Cloudglue v0.3.0 is here

Welcome to the first official update of the Cloudglue changelog. We’re excited to share the latest features we’ve been cooking up for you all.

New Features

  • Scene Segmentation - Break your videos into meaningful segments automatically using AI-powered shot detection or prompt driven narrative chapters. Perfect for finding natural boundaries within your videos Try it in our playground →
  • Video Search - Retrieve clips and videos directly from your collection, without asking chat completion! You can now search your video content directly using natural language queries at both video and segment levels. Find specific moments, topics, or conversations across your entire video library with semantic search.
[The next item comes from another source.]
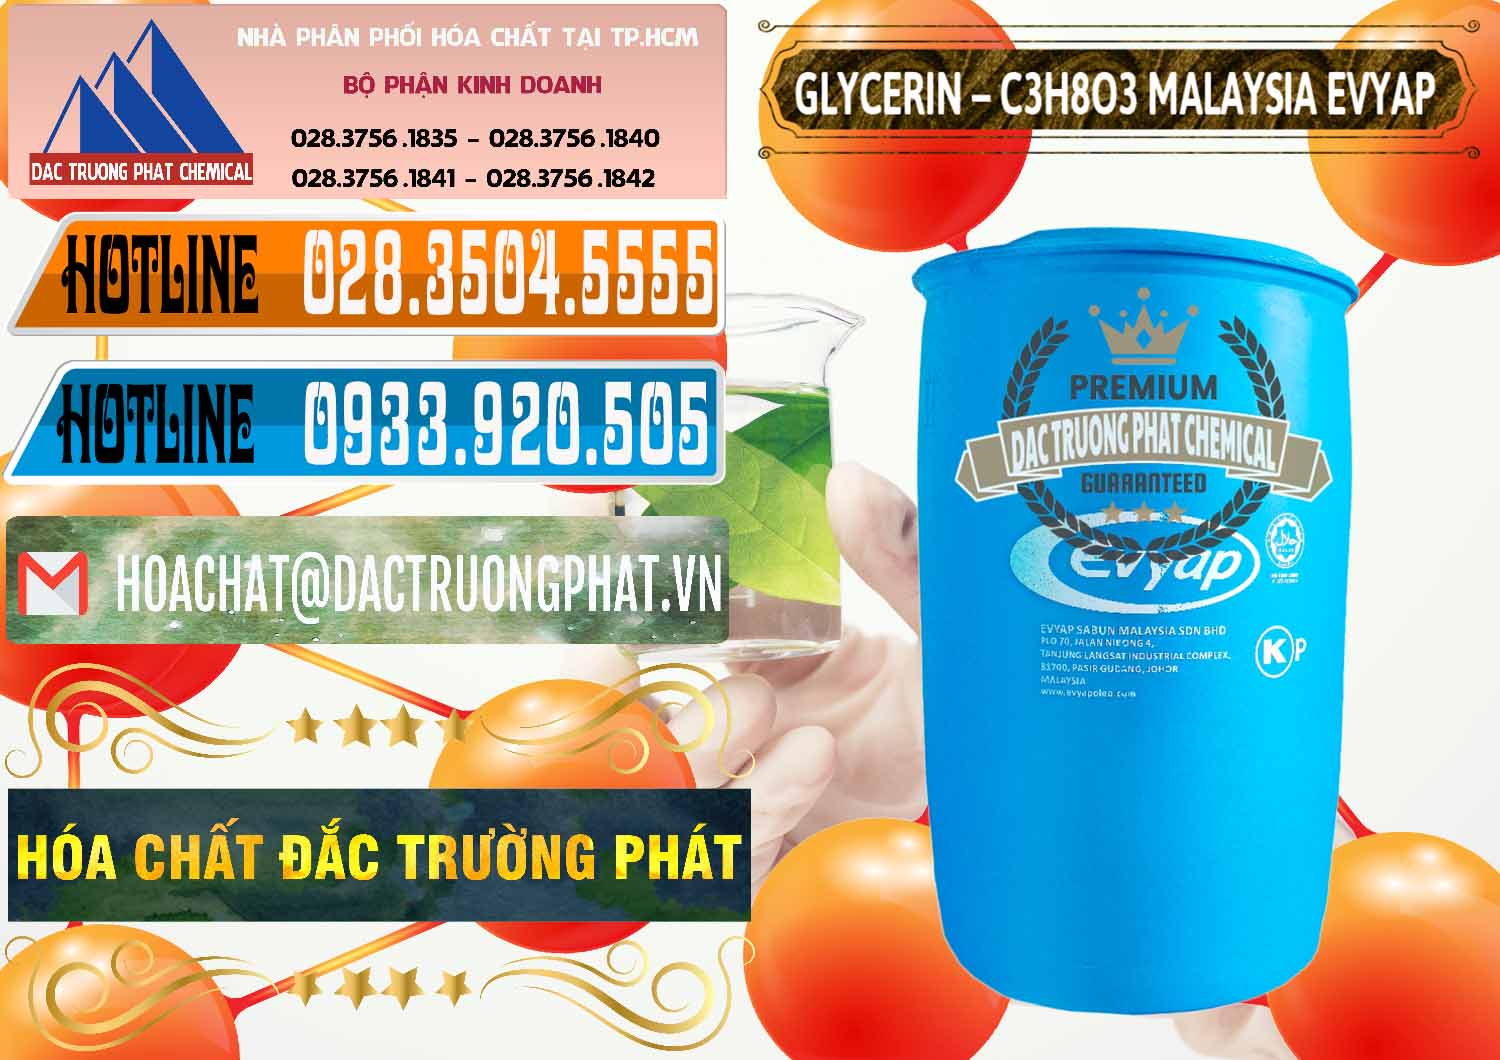 Nơi chuyên kinh doanh & bán Glycerin – C3H8O3 Malaysia Evyap - 0066 - Đơn vị chuyên phân phối và bán hóa chất tại TP.HCM - stmp.net

Try it in our playground →
  • Data Connectors (AWS S3, Dropbox) - Connect your AWS S3 buckets, or Dropbox account directly to Cloudglue and skip manual file uploads entirely. Use your existing S3 URIs and Dropbox files with all our endpoints. Try it in your dashboard →
  • Thumbnails - Generate visual previews for your video segments automatically. Get thumbnail images for key moments in your videos to enhance your applications and user interfaces.